If you’ve been playing along at home, you already know how much love I have (and have always had) for Amazon. I’m also a massive fan of obscure content, so the Internet provides a constant flow of unique and niche content coupled with unique and niche products. From rare books to hard-to-find electronics, it’s hard to beat Amazon’s impressive play of the long tail. This was pushed even further this past week when Amazon launched the "Never Before on DVD" store, which offers more than two thousand titles from companies like Walt Disney Studios, Warner Bros., Sony Pictures and more. Where else do you think you’re going to score a DVD copy of Man From Atlantis: Complete TV Movies Collection (Remastered!)?

Long live the long tail.

This is just another shift in the ever-changing and constantly evolving retail channel. It’s not a question as to whether or not there is a mass market for anything anymore. We’re quickly moving to a very unique moment in time when customized products are becoming a cost-effective reality for mass merchant. Will Amazon’s "Never Before on DVD" store be the next evolution of online video or movies? Probably not, because it’s not about big hits and blockbusters so much as it is about helping people find those rare gems or creating a whole new level of movie discovery.

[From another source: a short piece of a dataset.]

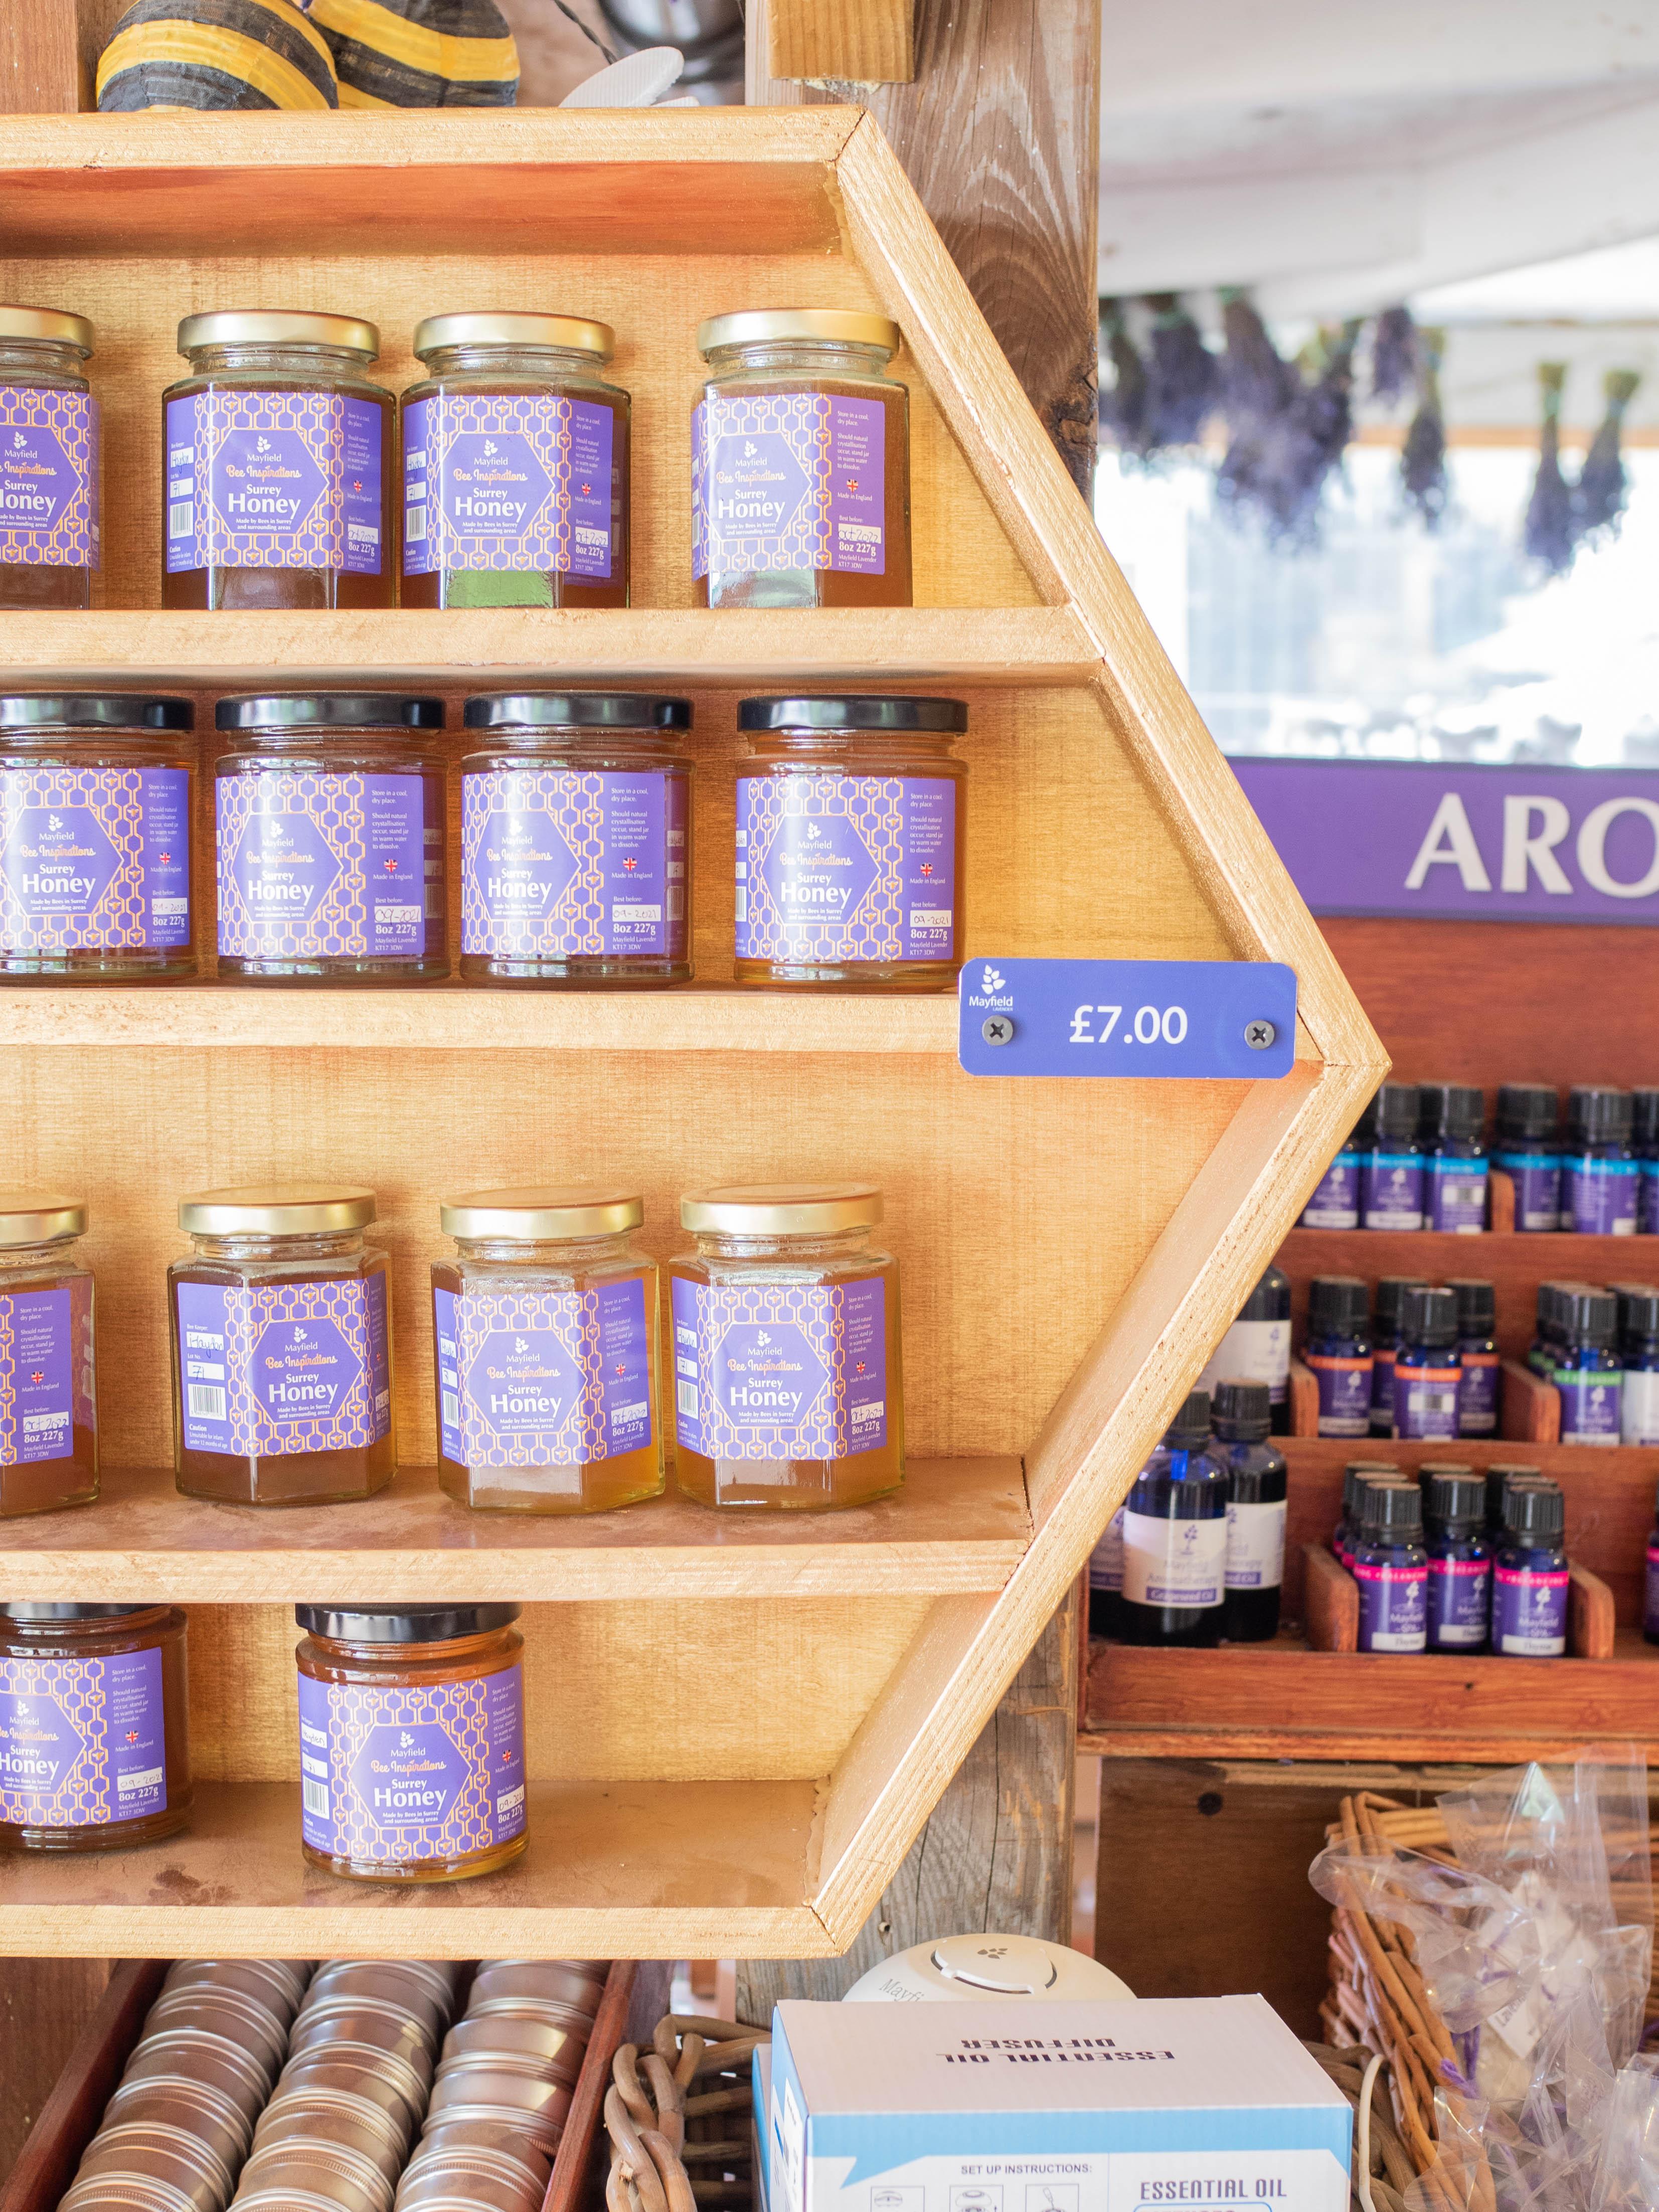 Jars of honey on display at Mayfield Lavender Farm

Regardless, it’s moments like these that give me a whole new appreciation for the power of technology, the Internet, connectivity and delivering what consumers want.


  1. As a content creator, I recognize that my audience is deep in the long tail as well. The mainstream stores could never make enough money on me to keep me on the shelves consistently.
    Amazon, however, has virtual shelf space. They don’t even warehouse it. They just provide a service that connects my potential readers with my products. Amazon takes a cut for making the connection. Genius.
    Buddy Scalera

  2. Mitch, THis past week my husband has been off work and spent time cataloging his DVD collection – he’s thinking of subscribing to Apple’s service where they log your record collection for ever so when you change devices, you don’t have to re-load boxfuls of CDs onto iTunes.
    And he showed me their ‘album artwork’ update or matching service
    Their ‘if your version is lower quality than ours’ service where they upgrade your version
    The ‘if you upload something we haven’t got in our library’ service they keep a copy
    As a marketer, I can see these strategies give Apple leverage with every music publisher, “Hey 156 of our customers have your artists’ works stored on iTunes, how about we cut a deal to sell more…?’
    And yet a small part of me still enjoys browsing a physical book store. How about you?